Tonari no Totoro

Ottobre 1, 2009 di nientedinuovo

No, dai.
No.
Ma davvero?

In questi ultimi vent’anni non hai mai visto Tonari no Totoro?

In giapponese coi sottotitoli in cinese? Beh, in inglese …neanche?

Daaaiii!! E’ dal 1988 che lo stavi aspettando, vero?
E’ al cinema, finalmente in italiano!
Corri!
Si vabbè, o anche solo, cammina…

Arukou, arukou, watashi wa ghenki,
arukouno daisuki, don don ikou…

24 Settembre

Settembre 25, 2009 di nientedinuovo

Oggi sono diventata zia.
Certo, non è stata una sorpresa.
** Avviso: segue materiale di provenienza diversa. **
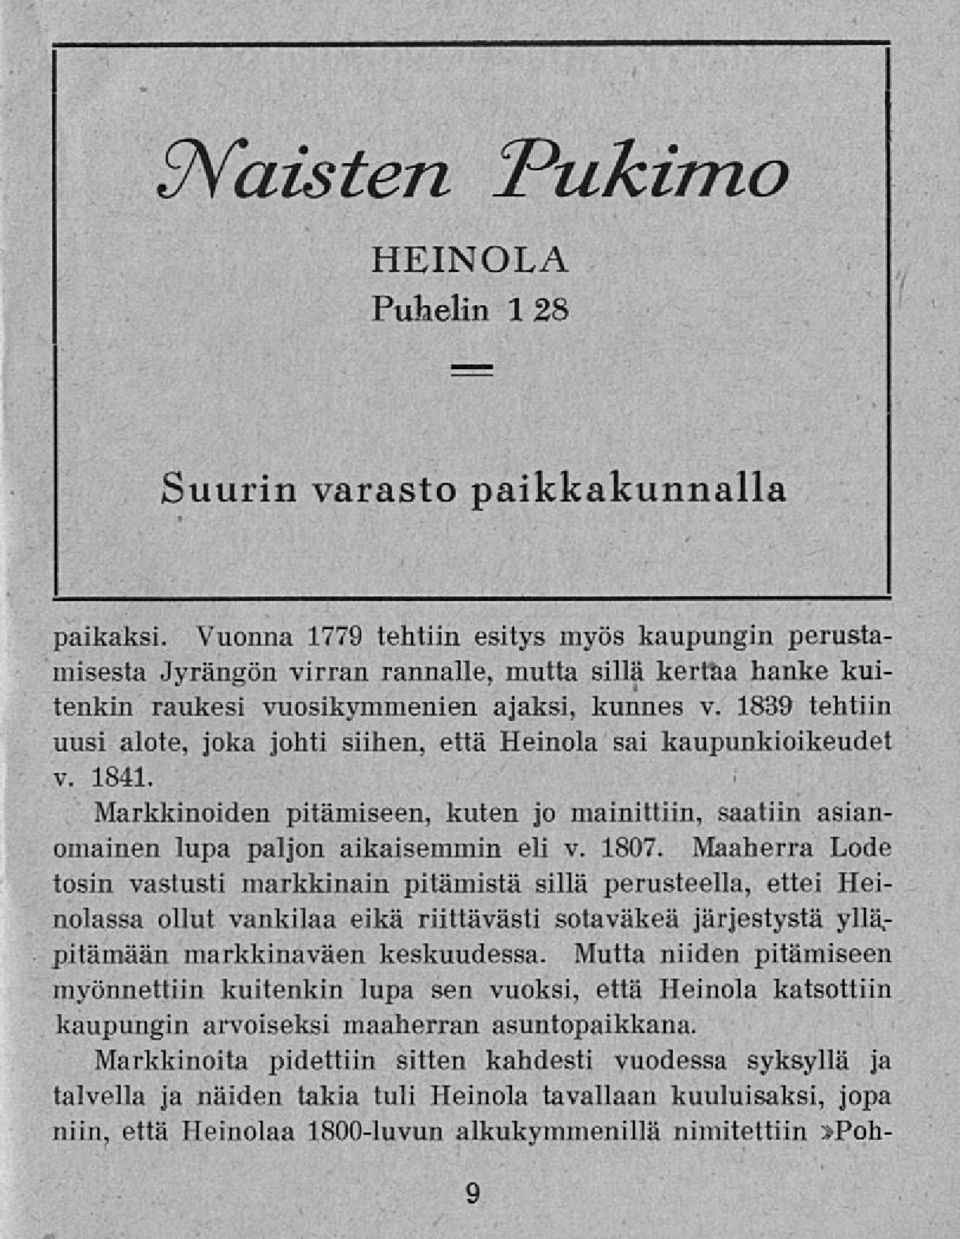 1839 tehtiin uusi alote, joka johti siihen, että Heinola sai kaupunkioikeudet v. 1841. Markkinoiden pitämiseen, kuten jo mainittiin, saatiin asianomainen lupa paljon aikaisemmin eli v. 1807.

Il parto è dopotutto la migliore conclusione per una normale gravidanza di nove mesi.
Una vera sorpresa potrebbe essere, che so, un’immacolata concezione, o un bambino che esce da solo dall’utero della madre calandosi con il cordone ombelicale, o magari vedere un uomo sdraiato in un letto nel reparto maternità, con il catetere che spunta da sotto le lenzuola e gli occhi lucidi dalla gioia.
Dicevo, non è stata quindi una sorpresa, ma sono avvenuti diversi fatti nella vicenda che ritengo alquanto stupefacenti.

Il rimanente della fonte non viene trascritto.